Blueberry industry considers assessment hike
The blueberry industry is debating increasing U.S. Highbush Blueberry Council assessments. Learn how higher fees could fortify marketing.
Fresh and processed fruit growers pay $18 per ton ($0.009 per pound). The council’s steering committee is proposing an assessment of 2.5 cents per-pound increase on fresh ($50/ton) and 1.5 cents per-pound ($30/ton) on processed fruit. The assessment hike is designed to generate $30 million for the council’s marketing budget by 2028, according to the USHBC.
The blueberry industry is deciding if it’s willing to unite, invest and respond, and determine an assessment level that growers can afford and support while ensuring it receives enough resources to make a meaningful impact, said USHBC chair Bryan Sakuma of Burlington, Washington’s Sakuma Brothers Farms and Processing.

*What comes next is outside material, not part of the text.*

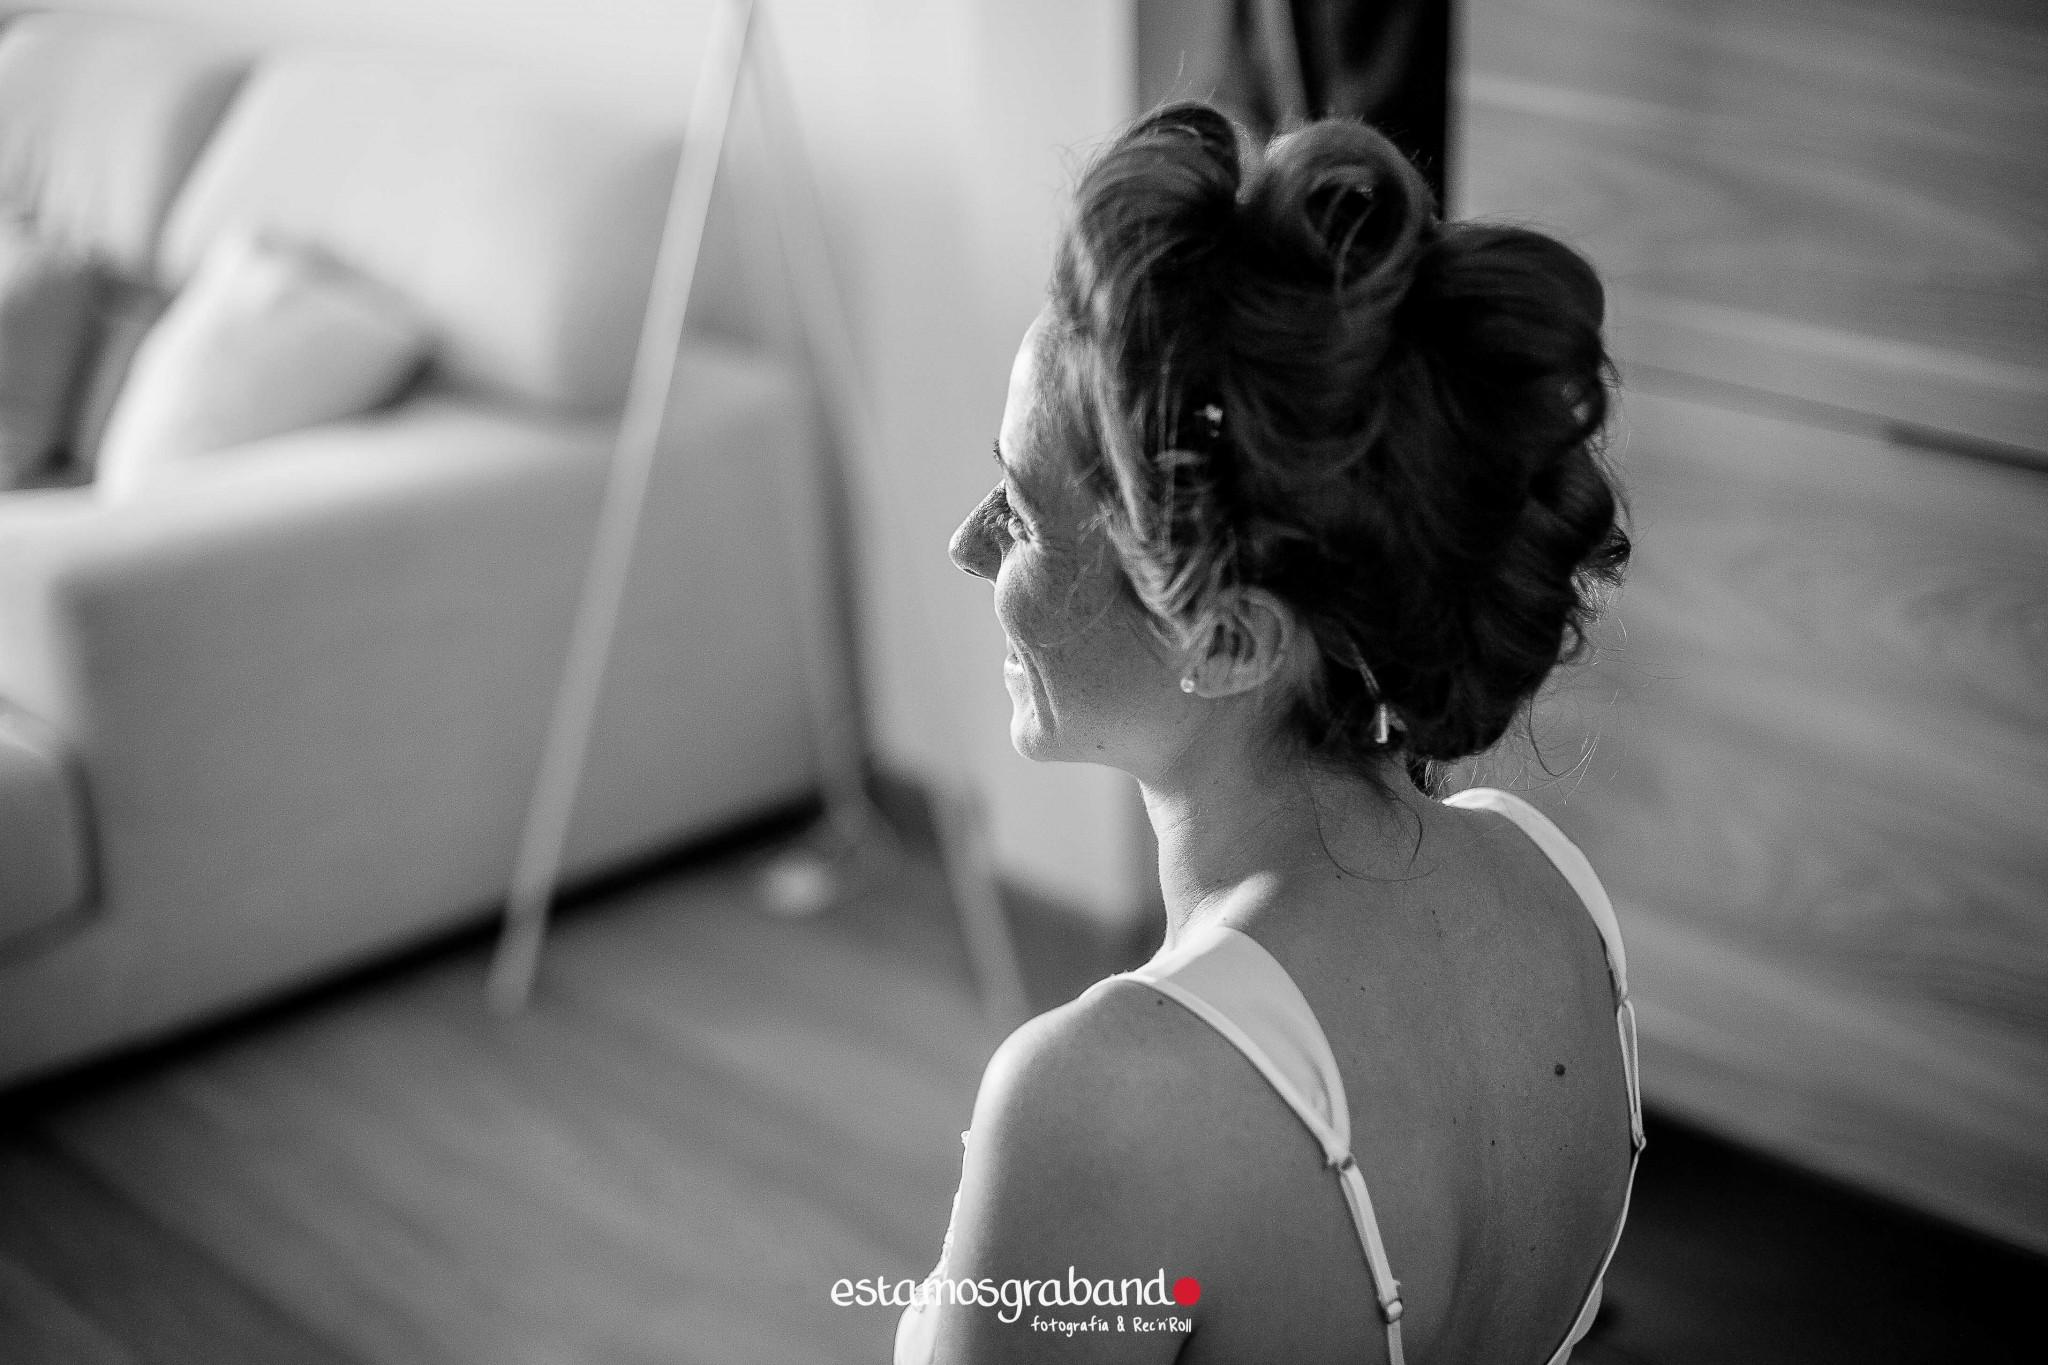 fotografo-de-bodas-jerez_mari-paz-jaime_bodegas-tradiciocc81n-10 32 escalones [Fotografía de bodas Jerez_Mari Paz & Jaime] - video boda cadiz

“This is a grower-led organization, and this will be a grower-led decision,” Sakuma said. “The industry is highly engaged in critical conversations about our collective future, and that’s exactly what we need. Most growers recognize the urgency of the situation. Supply is outpacing demand today, and within five years, industry data shows the volume of blueberries in the marketplace is projected to double. Building demand, through supercharged marketing, is the one thing we can do together to address the challenge and make the biggest impact, but it will take more to do more.”

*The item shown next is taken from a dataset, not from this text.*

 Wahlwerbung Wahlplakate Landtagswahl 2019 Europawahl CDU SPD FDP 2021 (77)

The increased assessment will allow USHBC to support previously unaffordable premium advertising to encourage blueberry fans to increase their blueberry purchases in new, culturally relevant ways, Sakuma said.
USHBC plans to expand marketing activities including retail promotions, digital marketing and e-commerce, foodservice, ingredient marketing and public relations, Sakuma said.

Mike Townsend, president of Townsend Farms, a Fairview, Oregon, grower, shipper and processor of blueberries and other berries, opposes assessment increases, because he said interests in other countries, including Chile, Peru, Argentina, Colombia and Mexico, control the council because they pay 60% of council dues.
“They only look at the U.S. market as a small piece of the puzzle in terms of distribution to our U.S. citizens who want to eat blueberries,” Townsend said. “The industry cannot serve two masters. The industry has grown to the point where it’s not useful for U.S. growers anymore at all. They’re moving the fruit that they make very little money on. It’s negating our growers. It’s stopping our growers from profitability, and they’re making all the money they want on the first flush of their fruit that goes fresh. Selling the fruit in the U.S. is putting a lid, a cap on our future in the U.S. as frozen growers.”

In a February grower meeting in Oregon, Townsend called USHBC “the United Nations blueberry council.”
“As we analyze our positions in the industry, it’s always one guy’s got to win, the other guy’s got to lose,” he said. “I would ask that we all sit at a table, both the big multinational sales groups along with these other countries. They need to work with us to come up with something that’s workable for U.S. growers.”
Domestic growers aren’t expected to pay the higher assessments until 2027, with 2028 being the first full budget year the council could use the increased funds to build increased demand, according to the USHBC.
Sakuma points to the avocado and watermelon industries’ gains following grower assessment boosts.
The 2003 increase in avocado industry assessments afforded improved marketing that helped expand the total U.S. avocado market from $1.3 billion in 2003 to more than $7 billion in 2021, while maintaining real producer prices, Sakuma said. In 2024, the National Watermelon Promotion Board increased its assessments on domestic and import producers and handlers to support expanded consumer, retailer and foodservice marketing.